Малышка насупилась, вцепившись руками в края скамейки, и отвернулась в сторону входной двери, с волнением ожидая, как она так вовремя распахнётся, и Мишель избавит её от компании постороннего человека. Но сестры всё не было.

― Эй, Молли, ты плачешь? ― Девочка осторожно замерла, рассматривая ржавую дверь, а потом удивлённо обернулась, услышав своё имя, и настороженно заглянула в голубые растерянные глаза, полные сочувствия и взволнованности.

― Мне с чужими нельзя разговаривать.

Мужчина нервно сцепил пальцы и шумно сглотнул подступивший ком, пытаясь оценить себя со стороны. Настойчивый незнакомец, заинтересованный маленькой девочкой. Наверное, он испугал её, но ведь он совсем не умел общаться с детьми…

― Давай познакомимся. Меня зовут Брэндон… Твоё имя я уже знаю, ― он напряжённо протянул похолодевшую ладонь, ожидая реакции ребёнка. Молли была ужасно похожа на старшую сестру: настороженное поведение, грустный изучающий взгляд. Её шумное дыхание наводило на мысль, что девочка напугана его компанией, но он и сам с застывшим на лице страхом пришёл сюда. Малышка моментально переступила через тревогу и презрительно вскрикнула.

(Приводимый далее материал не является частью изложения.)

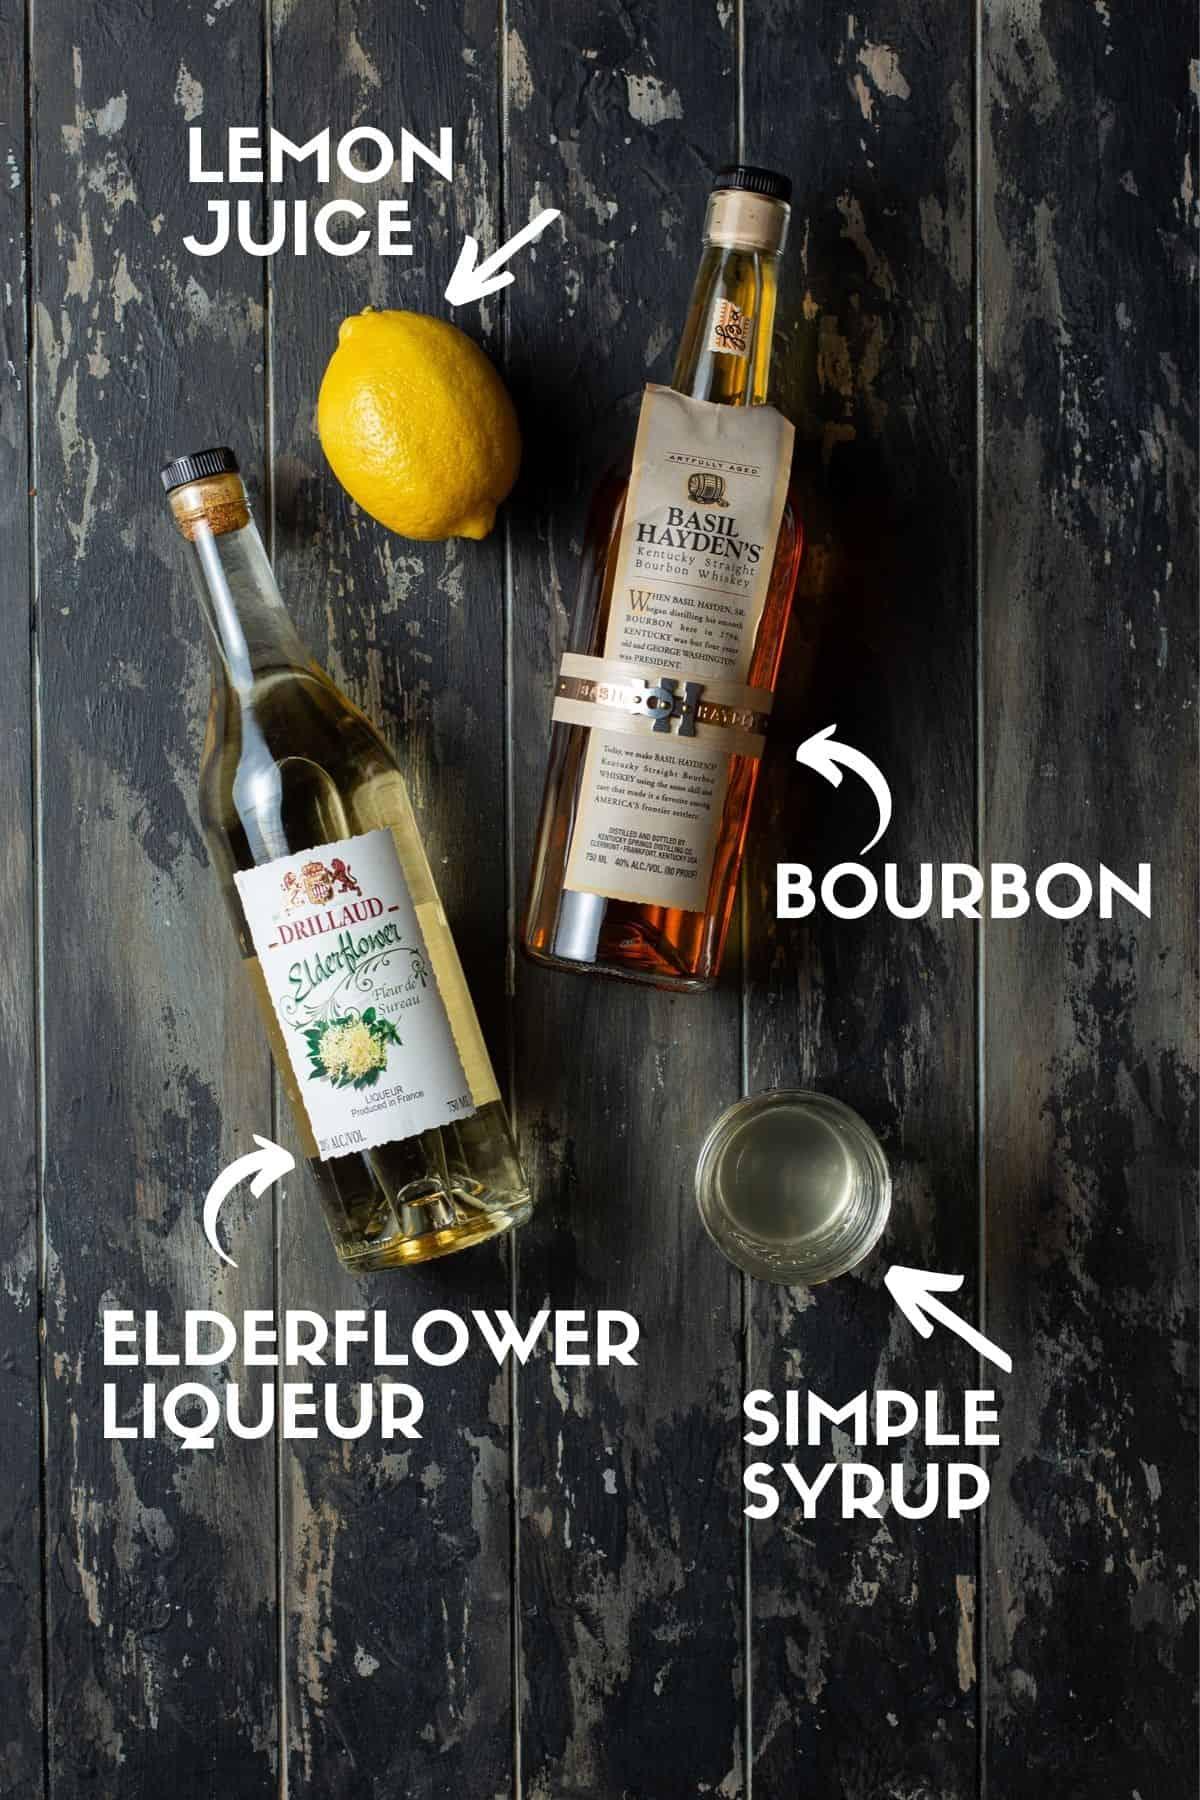 Cocktail ingredients including bourbon and elderflower liqueur.

― Я знаю, кто вы! Уходите, пожалуйста, ― Молли брезгливо осмотрела его протянутую руку, торопливо подскочила и поволокла сумку к порогу, усаживаясь на каменные ступени как можно дальше от блондина. ― Знаете, вы очень сильно обидели мою сестру! ― Девочка демонстративно скрестила руки на груди, смело заступаясь за Мишель, и надменно выстрелила взглядом по тревожному лицу парня. Действительно, хореограф и малышка — сёстры. Он испытывал заметное даже ребёнку глубокое чувство стыда, не скрывая дрожи поджатых губ, и понуро опустил голову под давлением серых серьёзных глаз маленькой девочки. Молли вела себя в точности так же, какой он представлял её. По-взрослому дерзко и слишком благородно: так её научила Мишель.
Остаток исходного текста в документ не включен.